Andan las gentes revueltas con la creencia escatológica de que, en el solsticio de invierno de este año 2012, ocurrirá el fin del mundo. Este temor se basa en que, dentro de menos de veinte días, se terminan las previsiones del calendario maya de cuenta larga, de 5125 años de duración. Según la literatura maya, los dioses crearon tres mundos, que resultaron fallidos, y uno cuarto, que tuvo éxito y prosperó, que es el actual y se convirtió en nuestro hogar. Pero cada uno de esos mundos tenía un periodo de supervivencia y al nuestro le quedan esos pocos días de vida.
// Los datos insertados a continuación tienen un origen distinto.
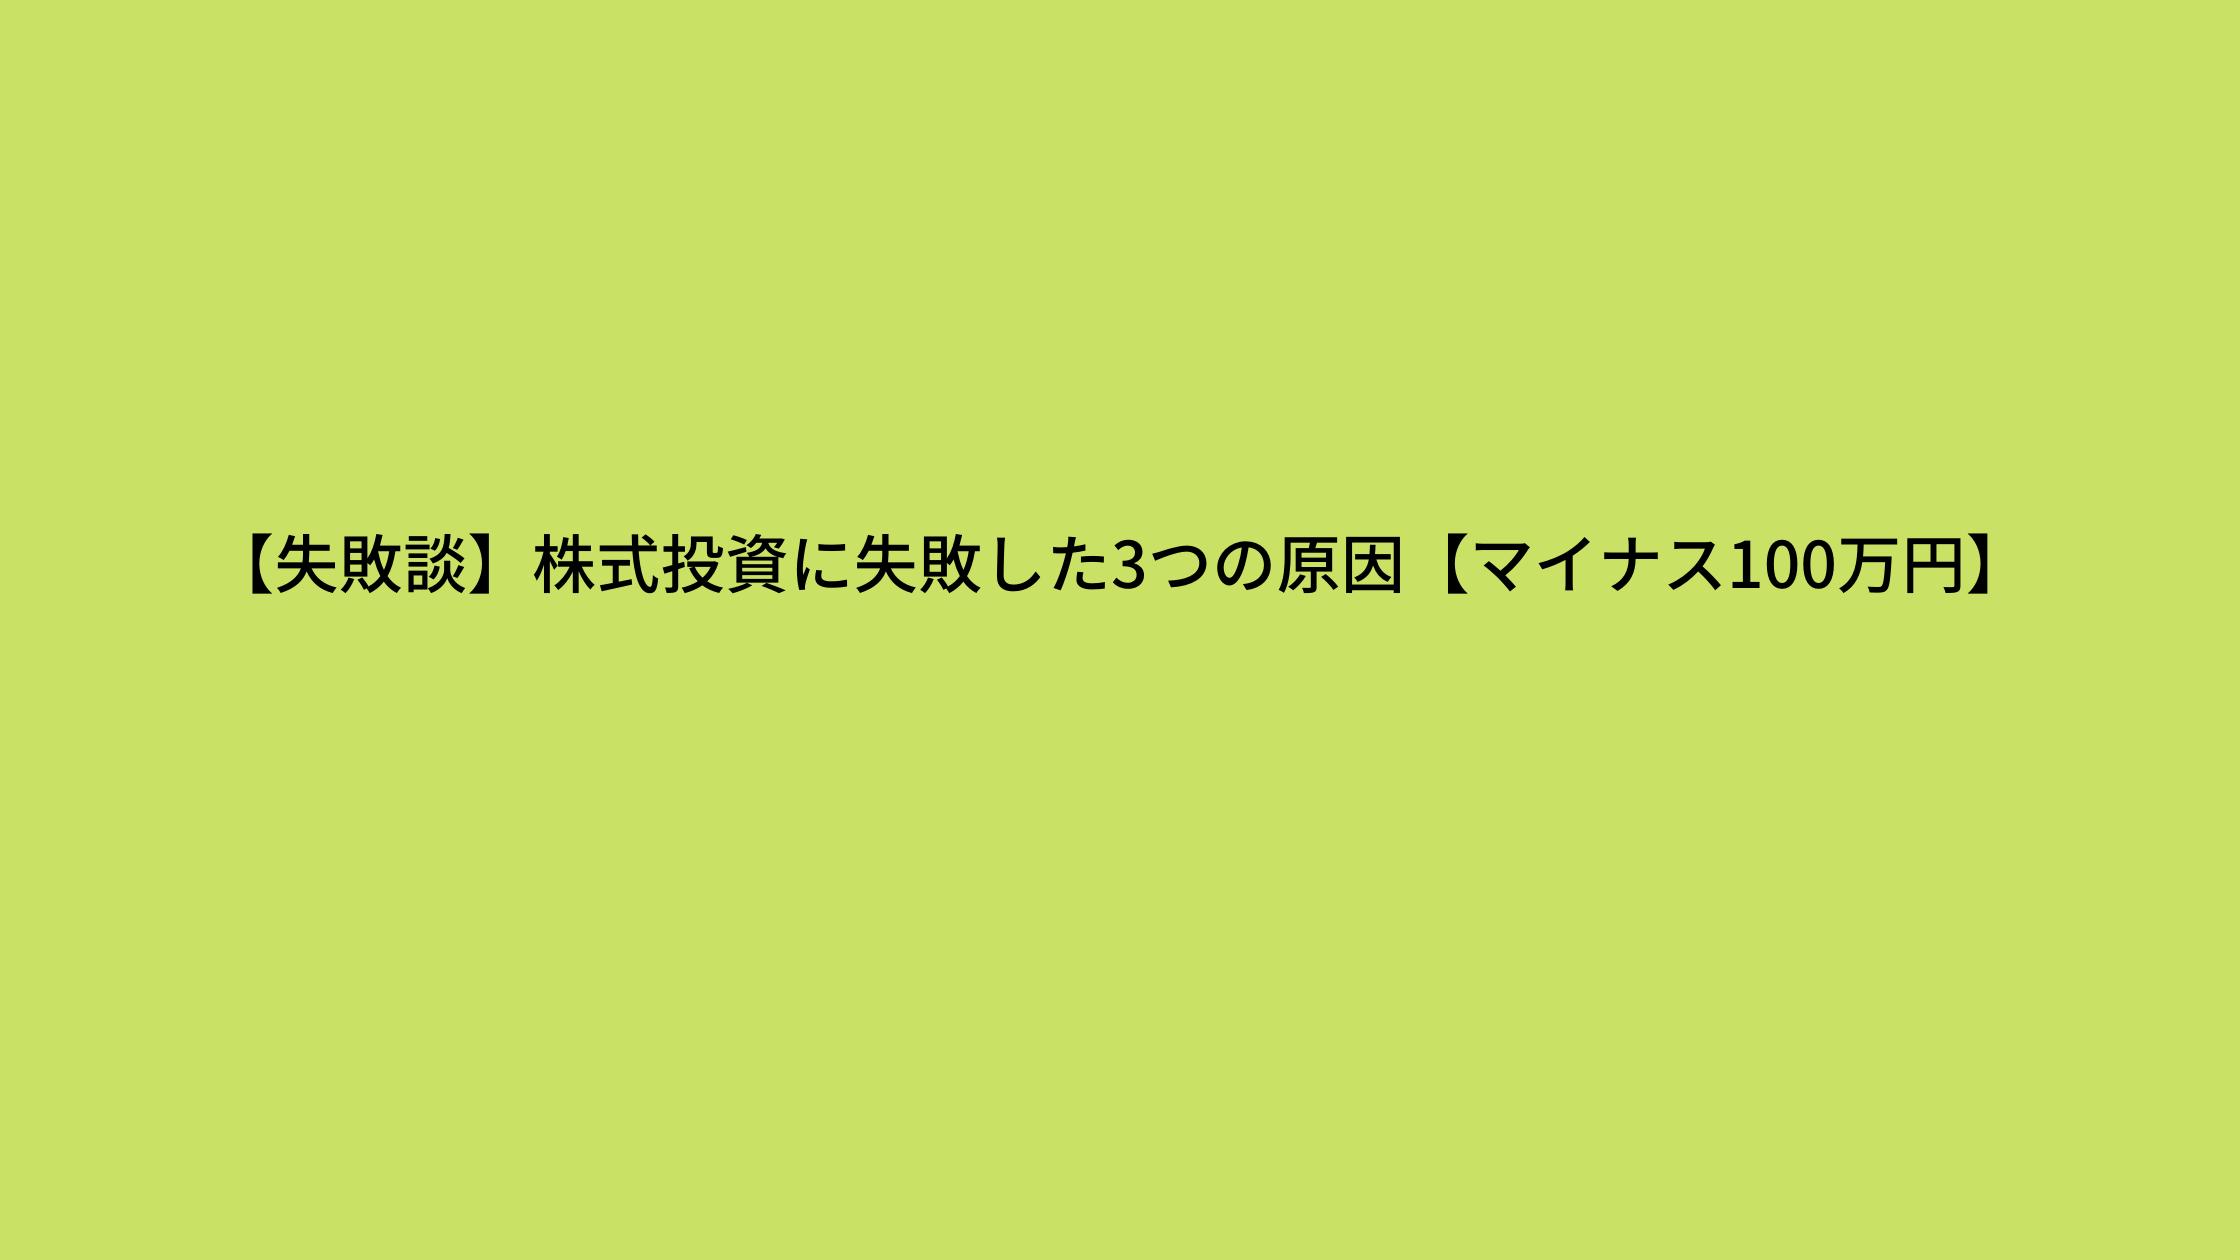 【失敗談】株式投資に失敗した3つの原因【マイナス100万円】
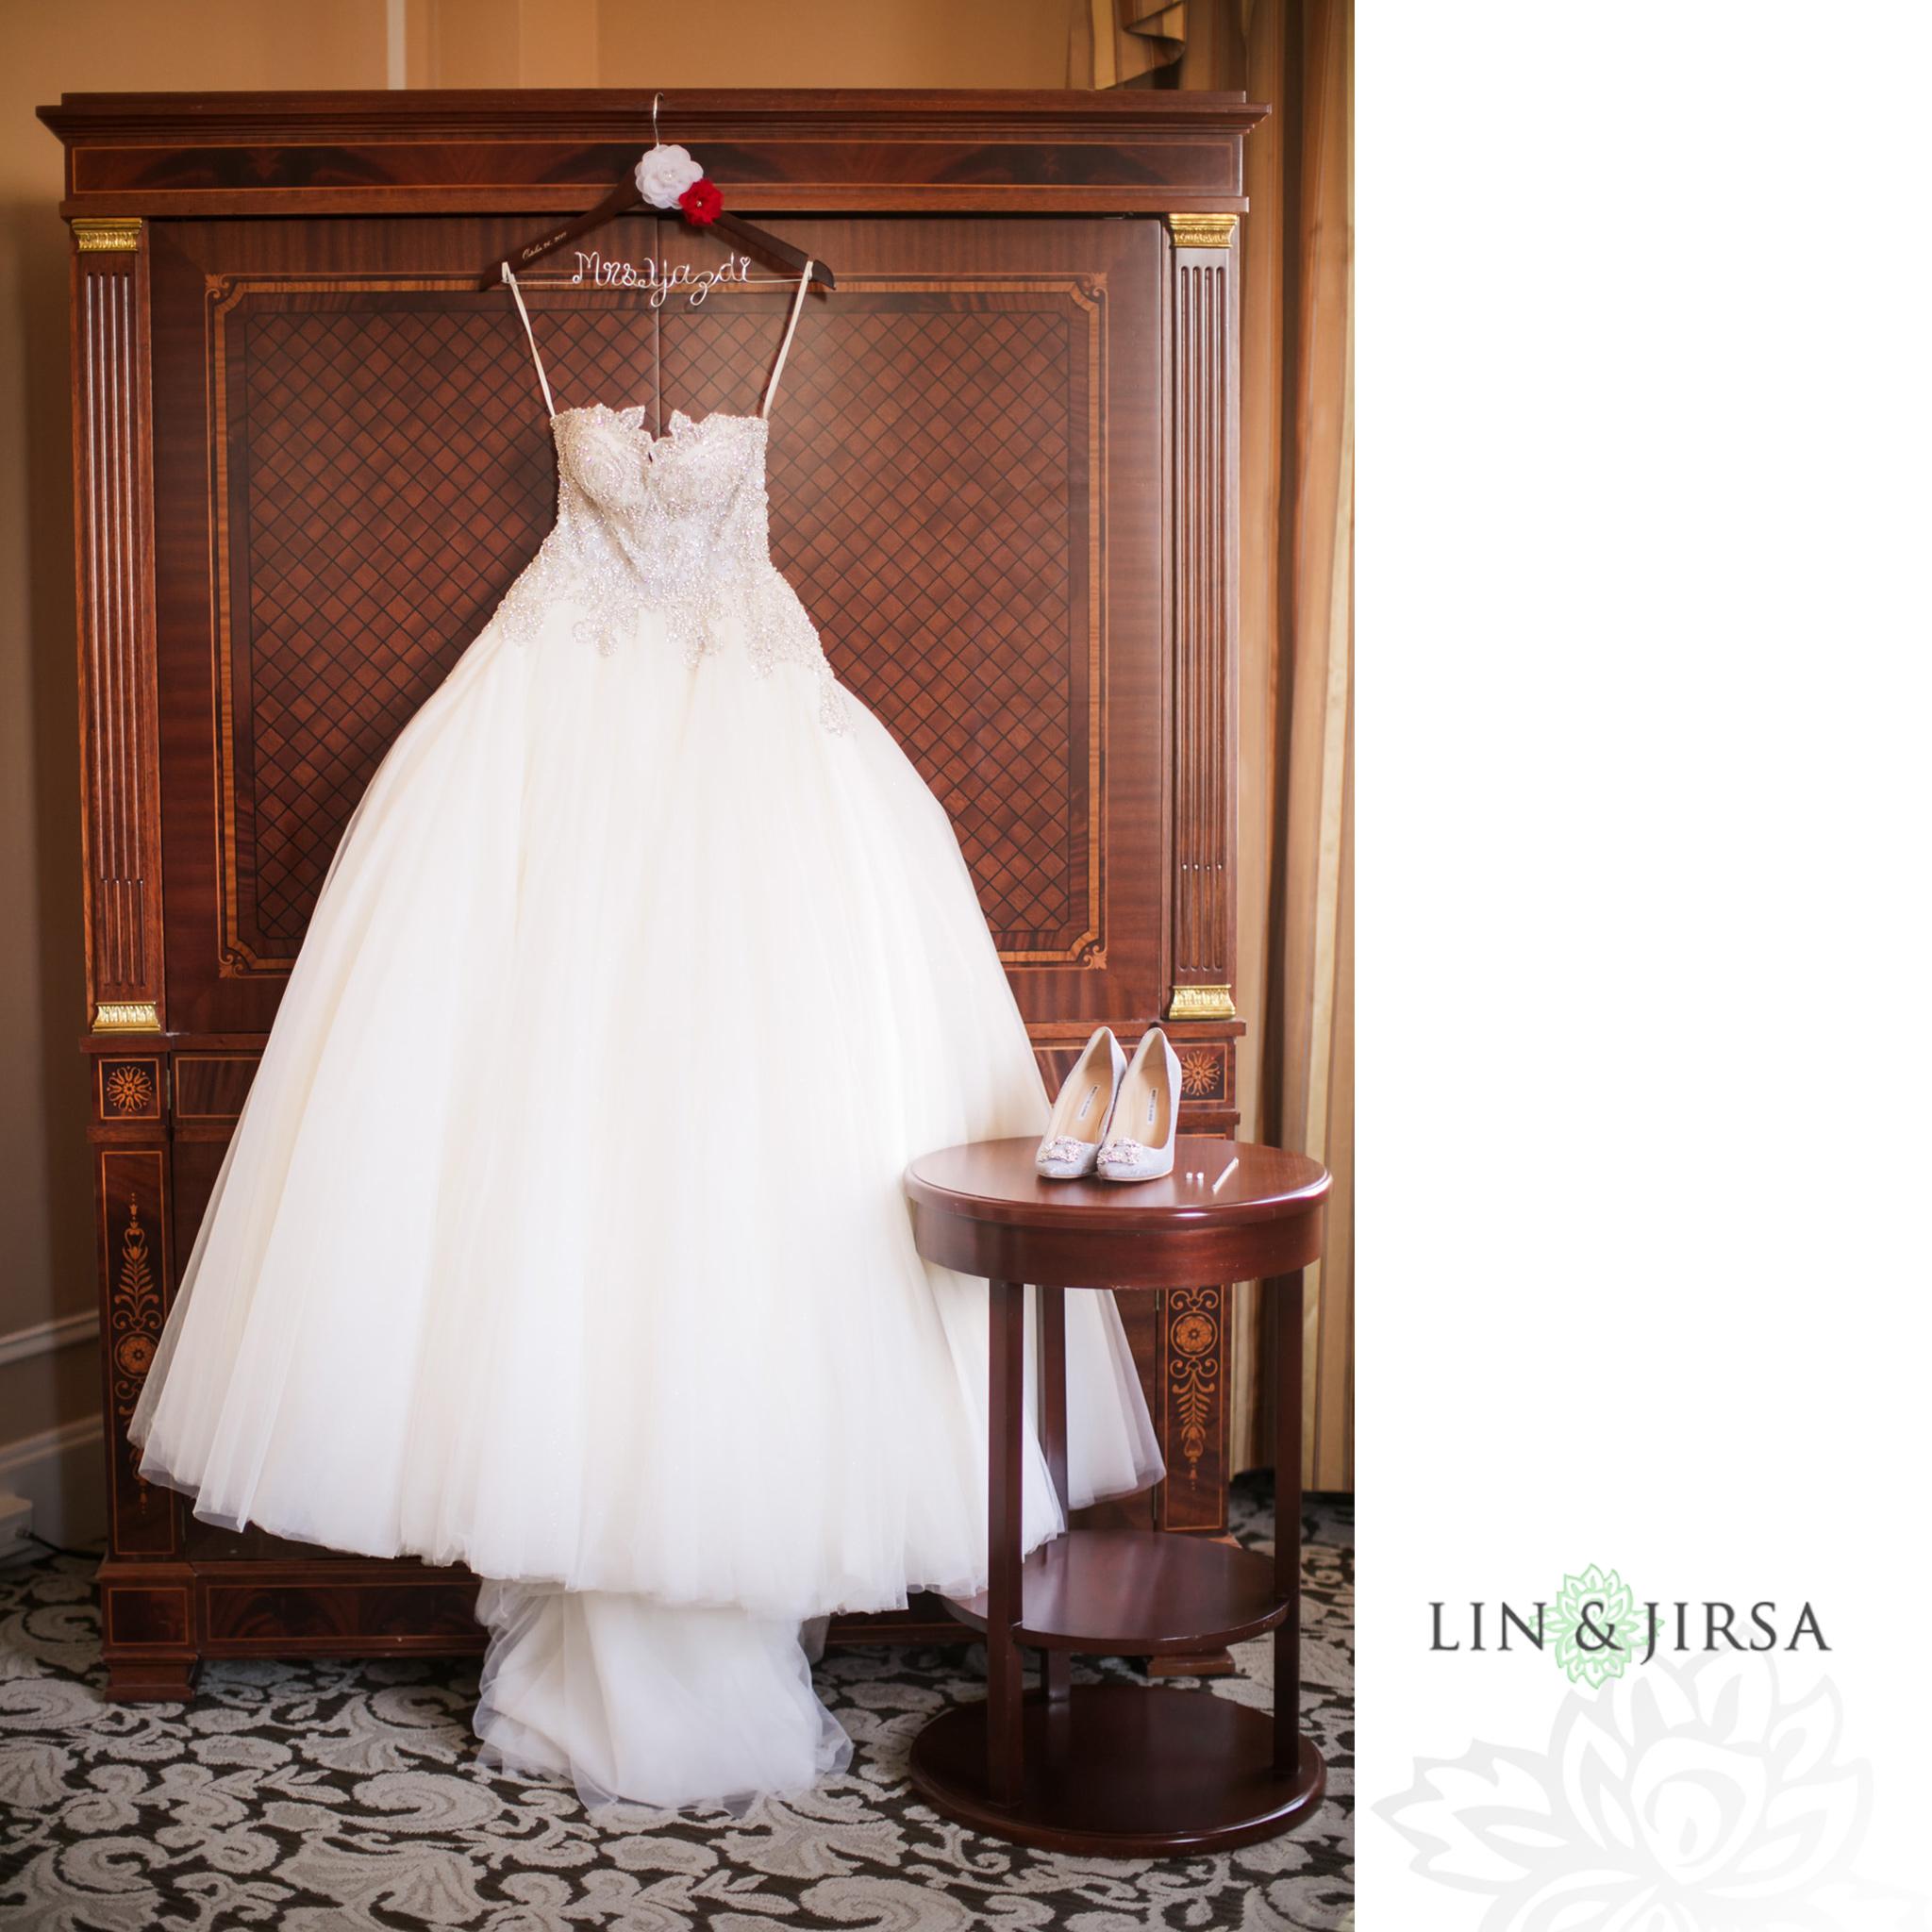 zmsantos Biltmore Hotel Los Angeles Wedding Photography

Ya se sabe lo crédulo que es el personal para estas cosas catastróficas. Algunos interpretan esta previsión al pie de la letra y creen que el universo que conocemos se esfumará de un plumazo, tal vez por la colisión de un asteroide contra la Tierra, o por el efecto de algún agujero negro, o como consecuencia de una gran actividad solar, o por causa de algún otro cataclismo. Otras personas, más espirituales y optimistas, que siempre las hay, interpretan la profecía de forma más sutil, como una trasformación física o espiritual de la humanidad, que significaría el inicio de una nueva era. Permítanme disentir de unos y de otros.

La cosa del cambio empezó hace ya mucho tiempo, por los años cuarenta del siglo pasado, cuando se inventó aquel artilugio que en español se denominó, primero, calculadora y, luego, computadora u ordenador. Pero aquel armatoste extraordinario, que ocupaba habitaciones enteras, acabó convirtiéndose en algo cotidiano e imprescindible. La máquina de escribir amejorada con pantalla, el teléfono portátil, su lavadora y un sin fin de aparatos domésticos de uso cotidiano no son más que ordenadores, que son, a saber, artilugios construidos sobre una base silícea, que contiene una colección de circuitos integrados y que están programados para que realicen determinadas funciones con exactitud y rapidez. Cada vez más pequeños y funcionales, cada vez más exactos y rápidos, cada vez más versátiles y complejos.

A las puertas de ese presunto fin del mundo, hemos conocido un aparato de estos, que se llama «Spaun» y que inventó un tal Chris Eliasmith, profesor de una universidad canadiense. Lo impresionante de este cerebro electrónico es que puede responder al cuestionario de inteligencia Raven, que mide la capacidad de resolución de situaciones inesperadas a partir de los cinco años, con sólo una décima menos de aciertos que un ser humano. Pero tal vez le supere otro, que es el del profesor americano David Fogel, que anduvo por Mieres estos días pasados, consistente en un trasto que juega al ajedrez y que, además, es autodidacta, porque es capaz de aprender de la experiencia de las jugadas anteriores. Imagínese ambos ordenadores juntos en uno.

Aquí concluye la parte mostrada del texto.